→ **INFORMATION SHOWN**:
*** Block opens ***

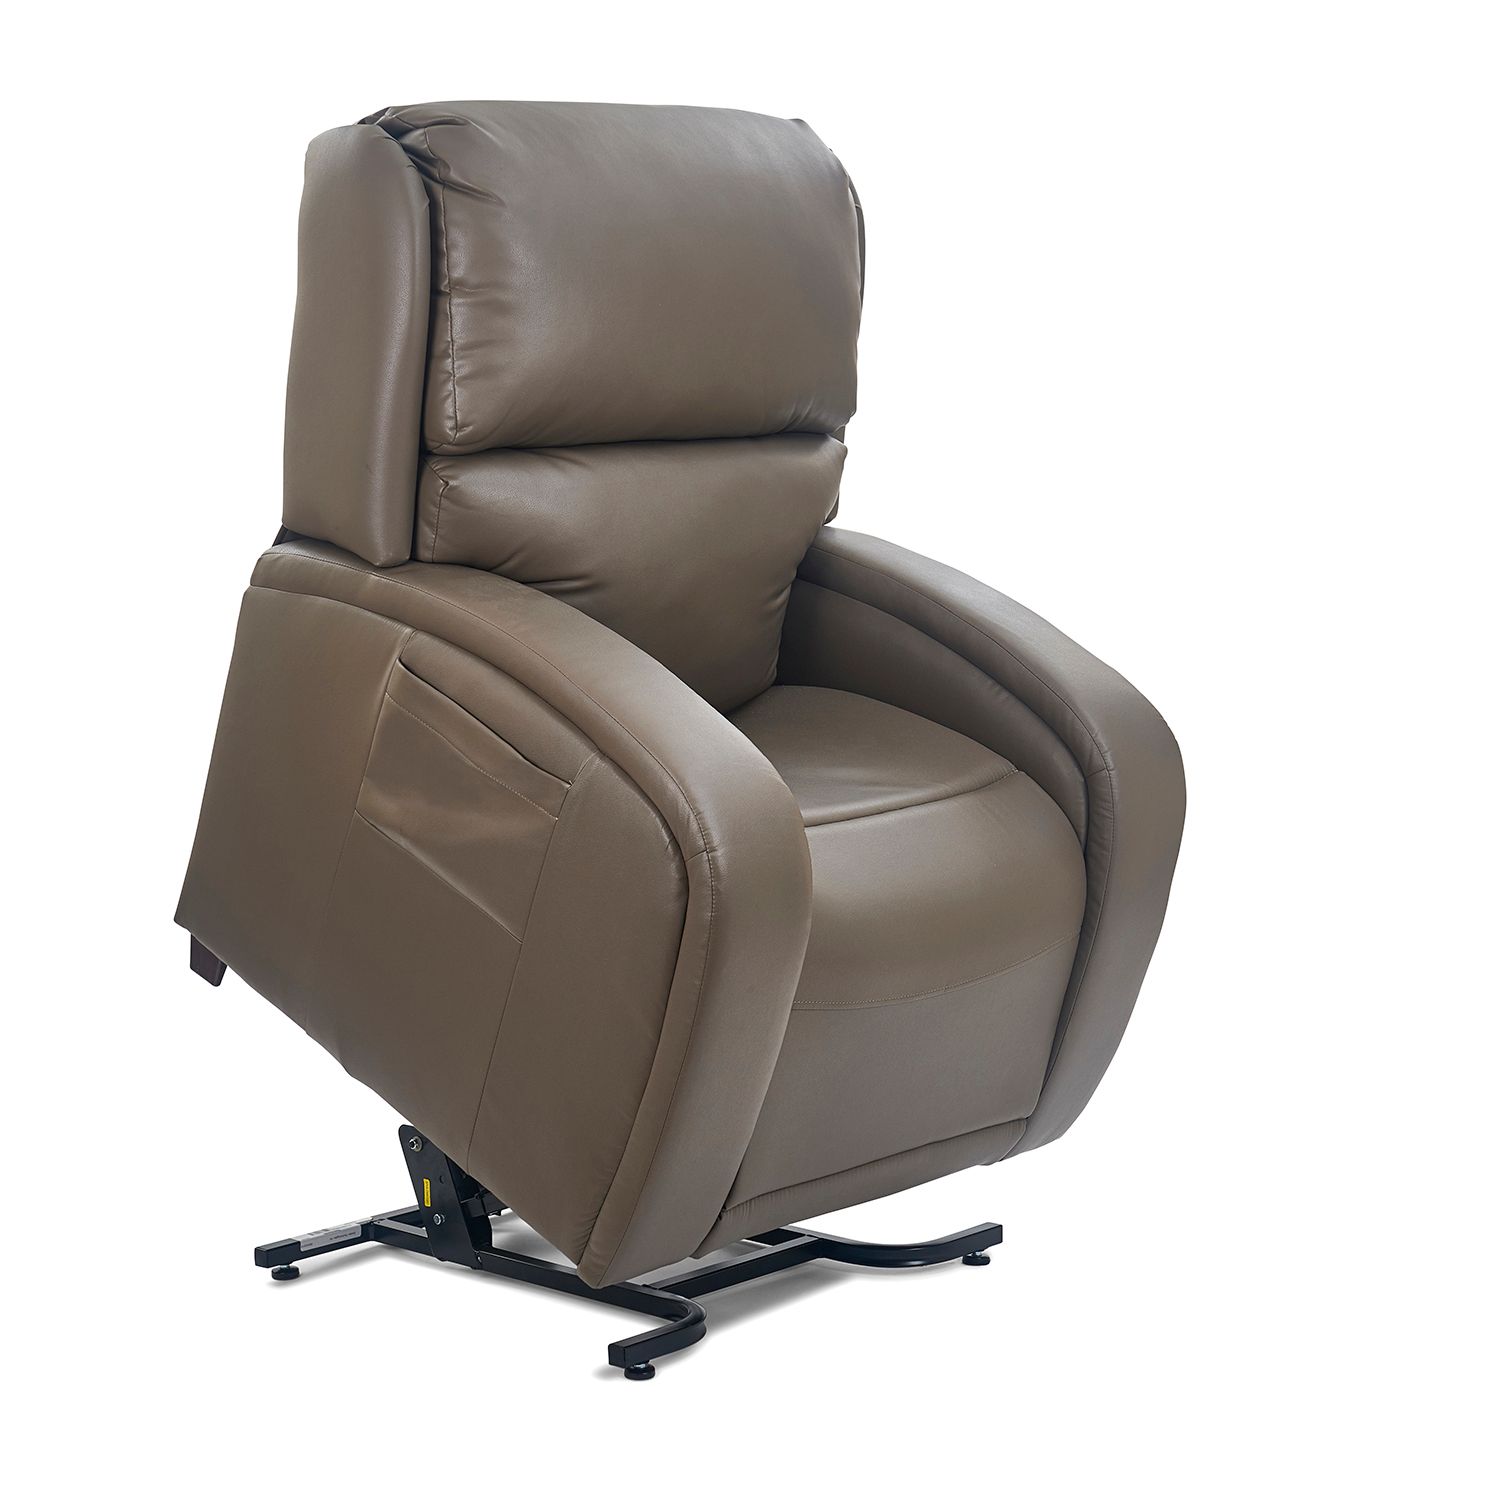 Ontario Golden Tech lift chair recliner twilight ezsleeper cloud viva relaxer maxi-comfort
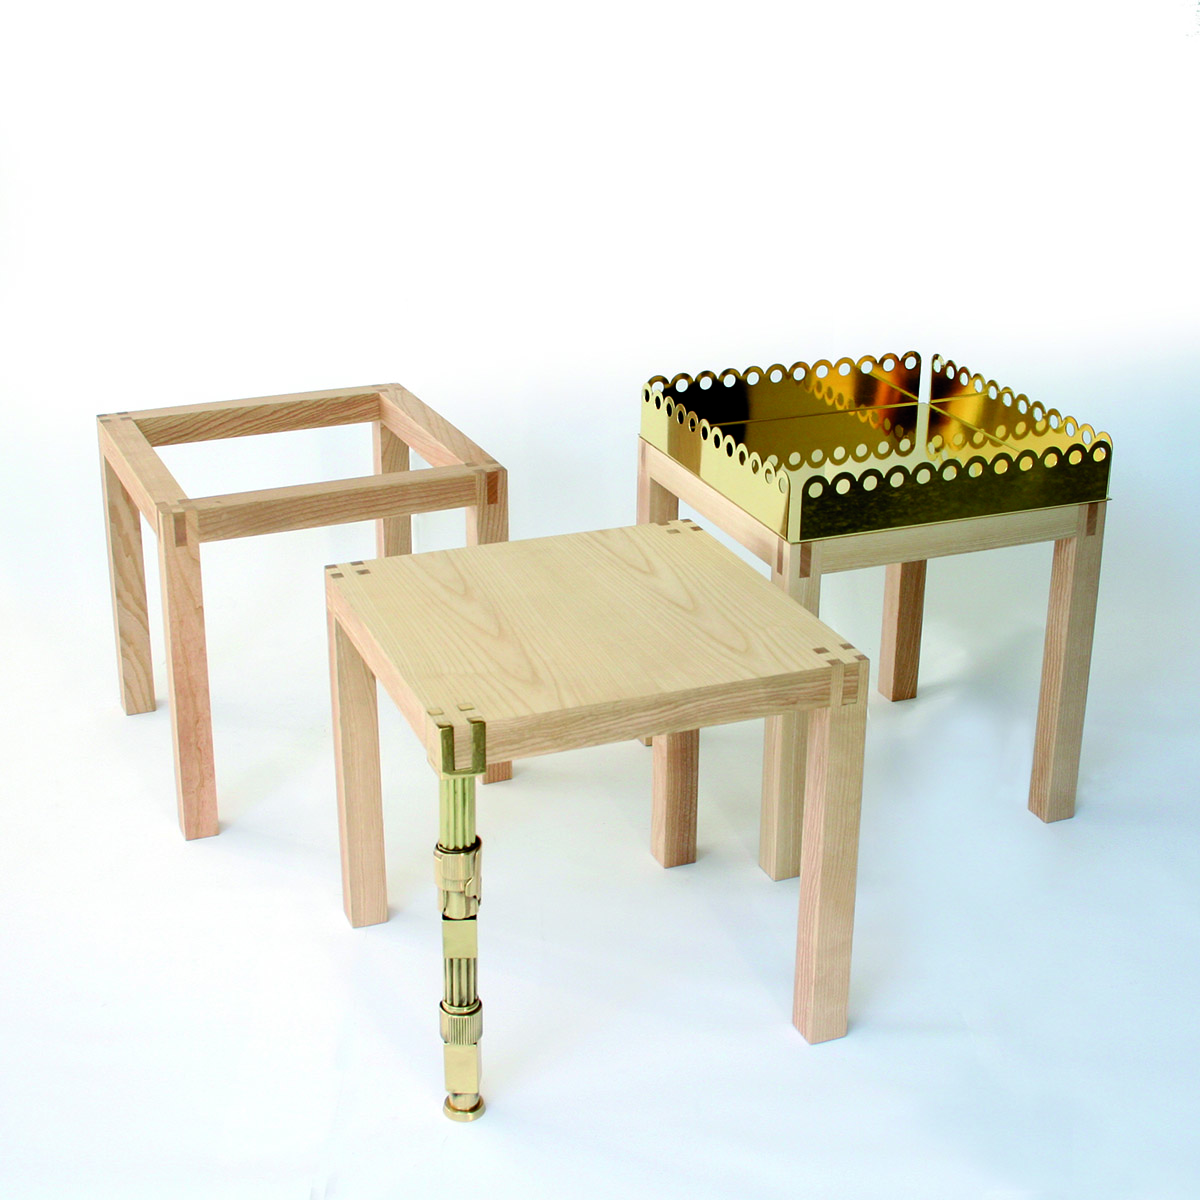 Tavolino design Brutto Anatroccolo 1 by Gumdesign
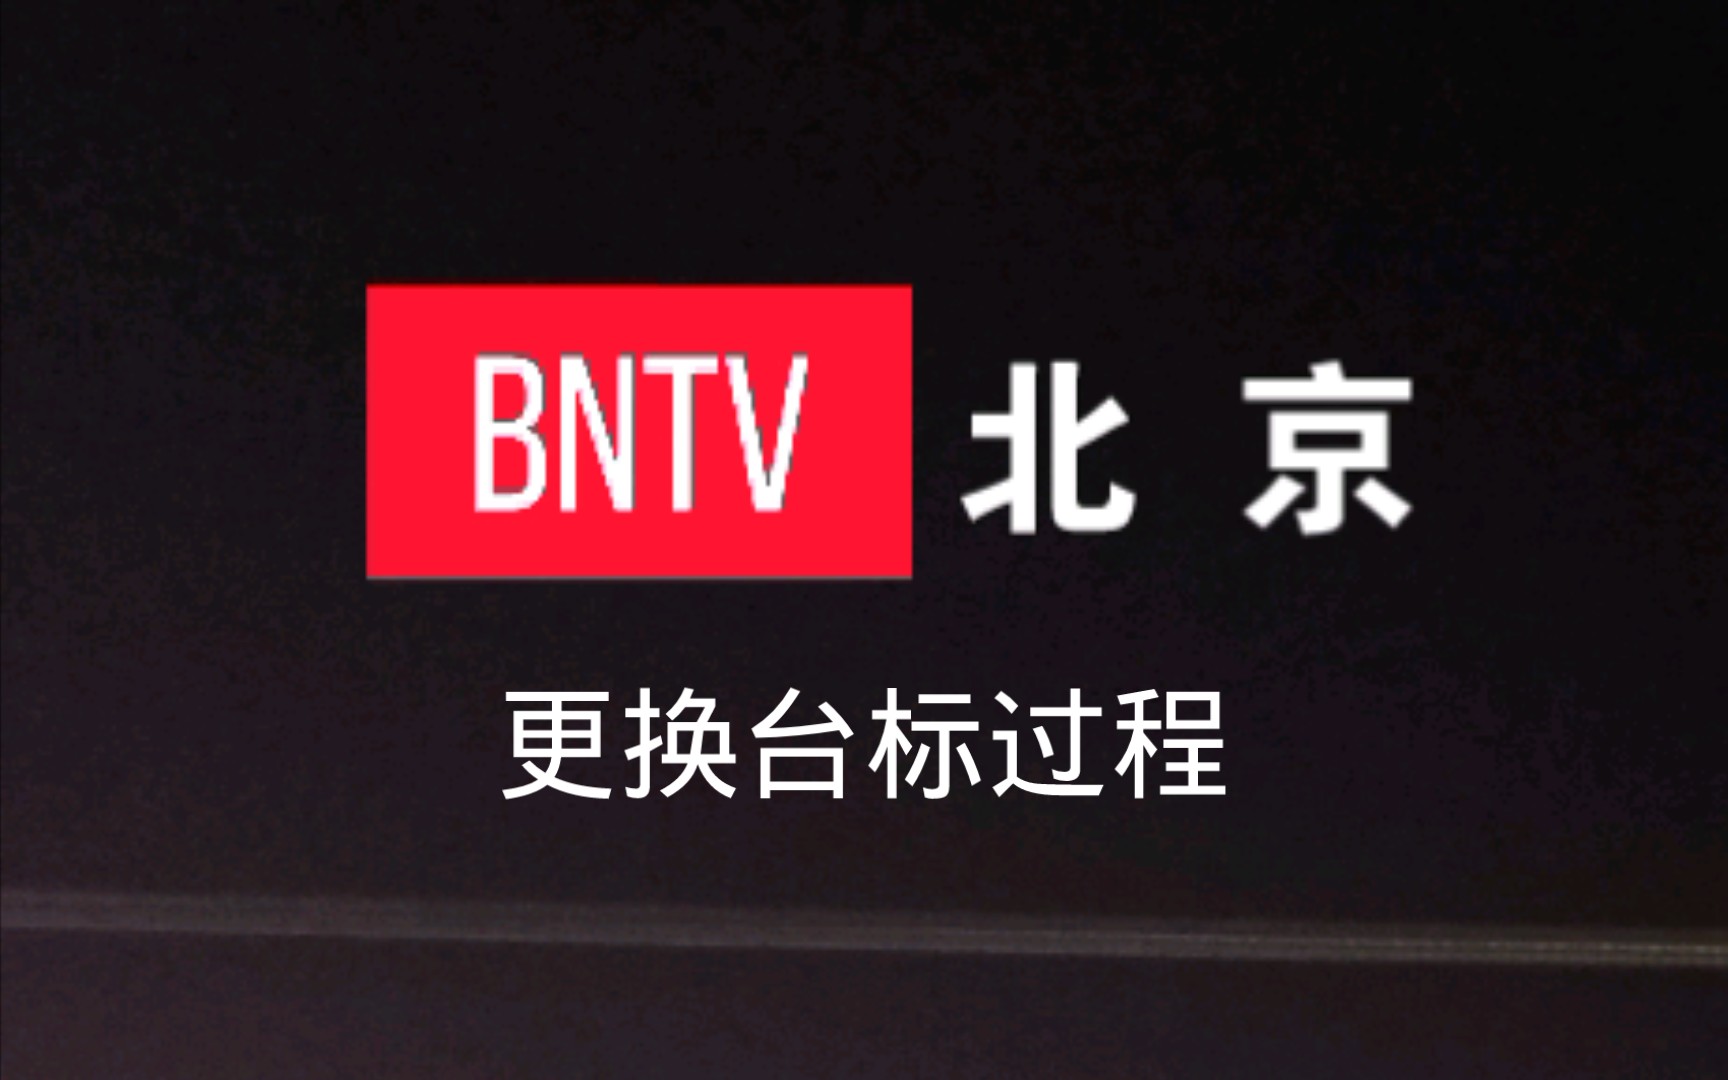 北京电视台旧台标图片

*** Block closes ***

Only the text of the listing above should be copied, exactly and with pictures left out.

→ **RESPONSE TO THIS TASK**:
 Ontario Golden Tech lift chair recliner twilight ezsleeper cloud viva relaxer maxi-comfort
 Tavolino design Brutto Anatroccolo 1 by Gumdesign
 北京电视台旧台标图片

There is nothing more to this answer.